Supplied material below:

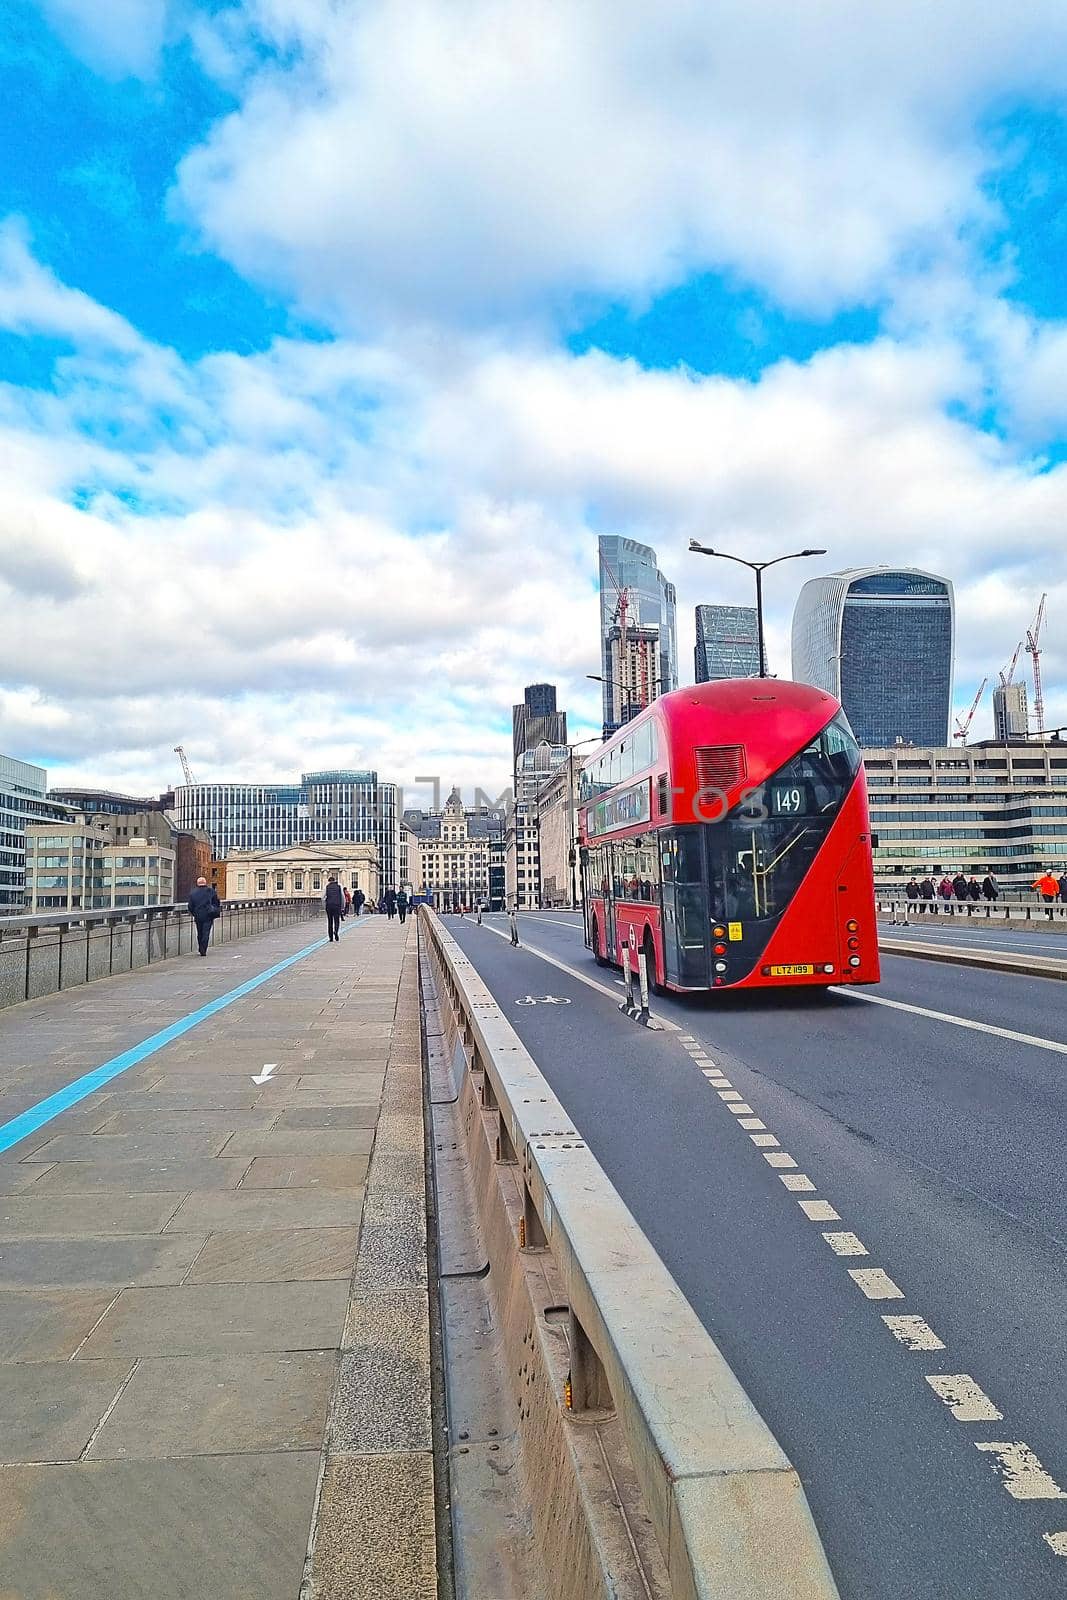 London, United Kingdom, February 4, 2022: A red double-decker bus drives over the bridge against the backdrop of tall buildings in London
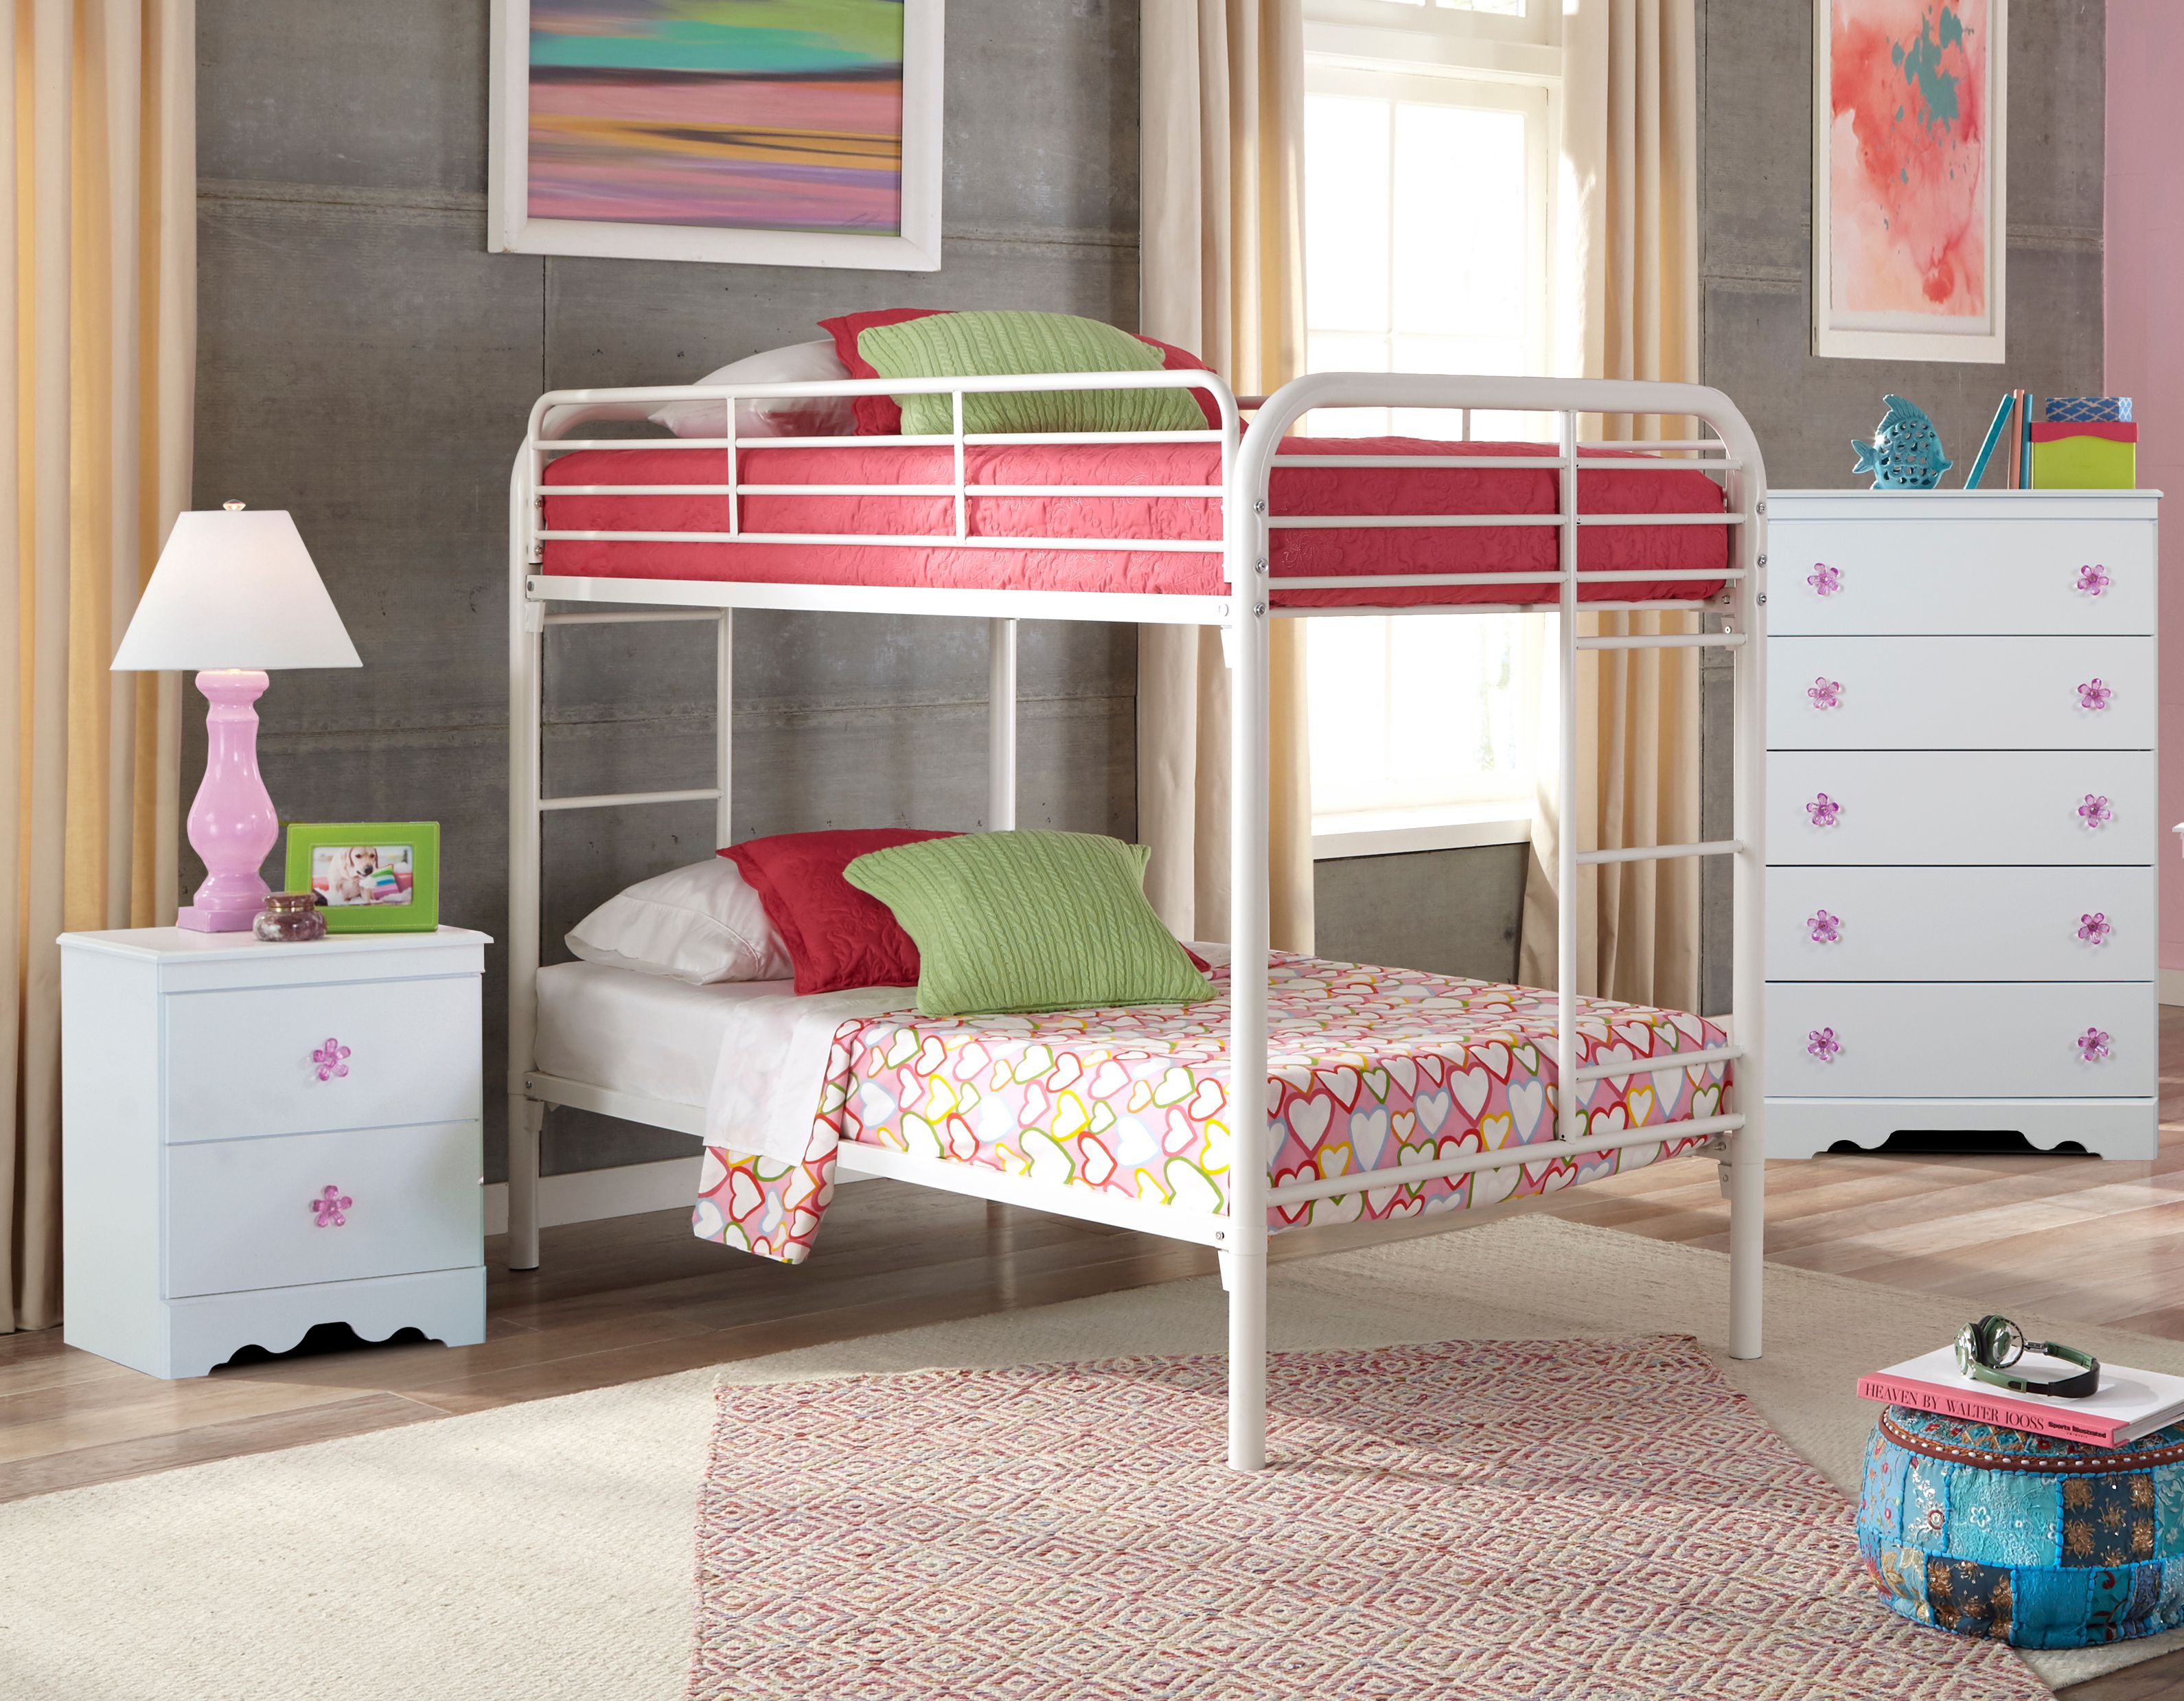 American Furniture Classics Savannah Collection 269K3TT Three Piece White Bedroom set with attractive pink and purple pulls including Twin over Twin Metal Bunkbed, Night Stand, and Five Drawer Chest - image 1 of 9
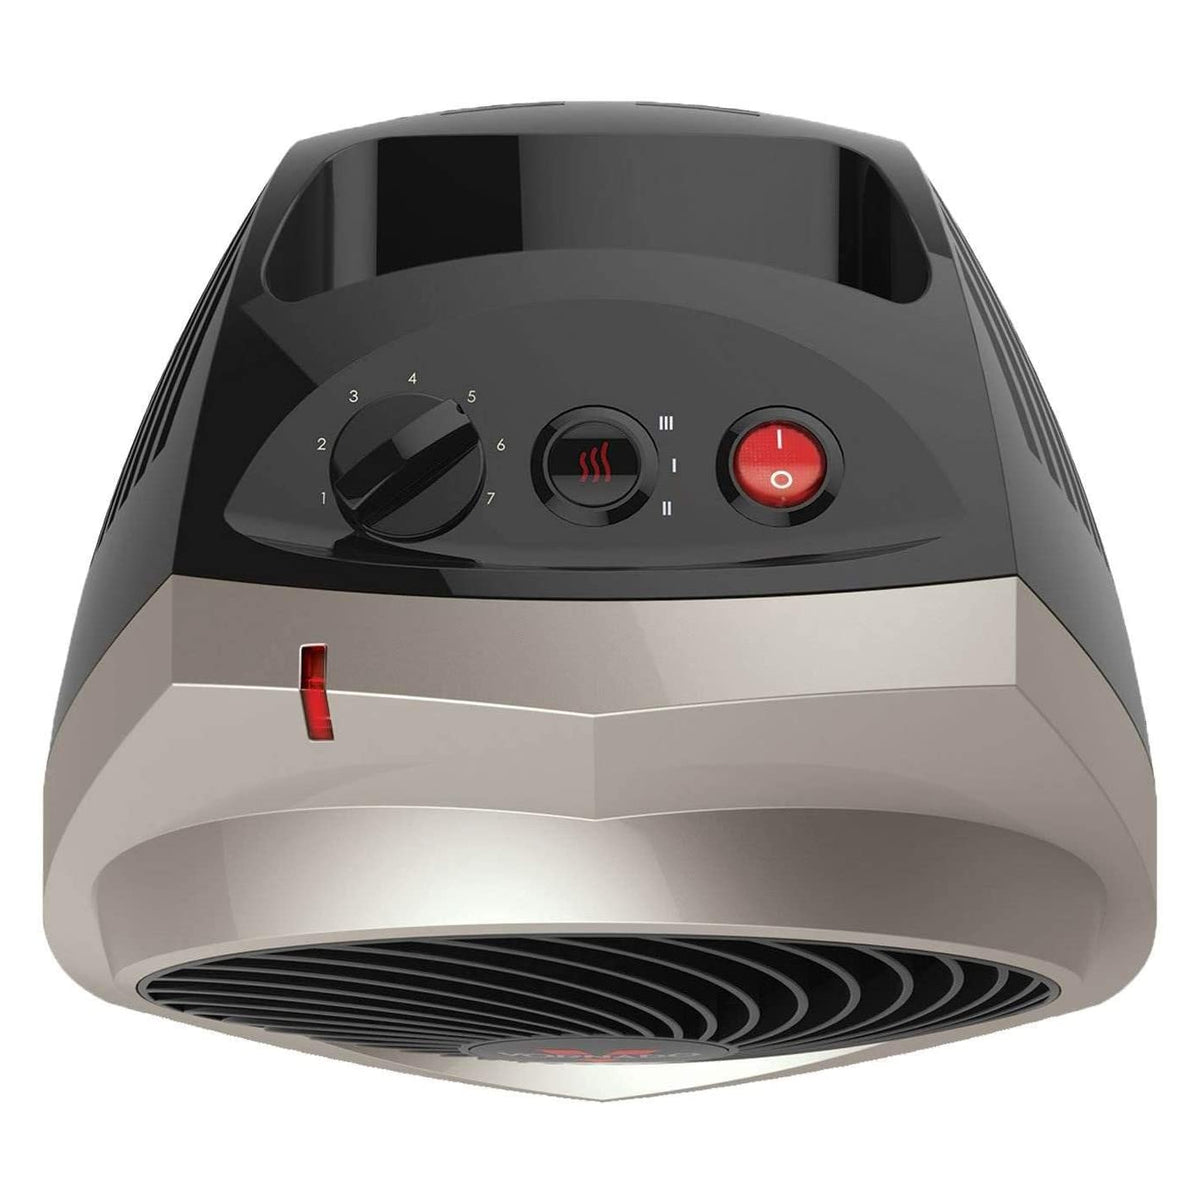 Vornado EH1-0092-69 Vortex Whole Room Electric Portable Heater with 3 Settings, VH200

End of Supplied material.

Problem description>
Exclude the pictures and give back the rest of the data above exactly as written.

Expected output>
 London, United Kingdom, February 4, 2022: A red double-decker bus drives over the bridge against the backdrop of tall buildings in London
 American Furniture Classics Savannah Collection 269K3TT Three Piece White Bedroom set with attractive pink and purple pulls including Twin over Twin Metal Bunkbed, Night Stand, and Five Drawer Chest - image 1 of 9
 Vornado EH1-0092-69 Vortex Whole Room Electric Portable Heater with 3 Settings, VH200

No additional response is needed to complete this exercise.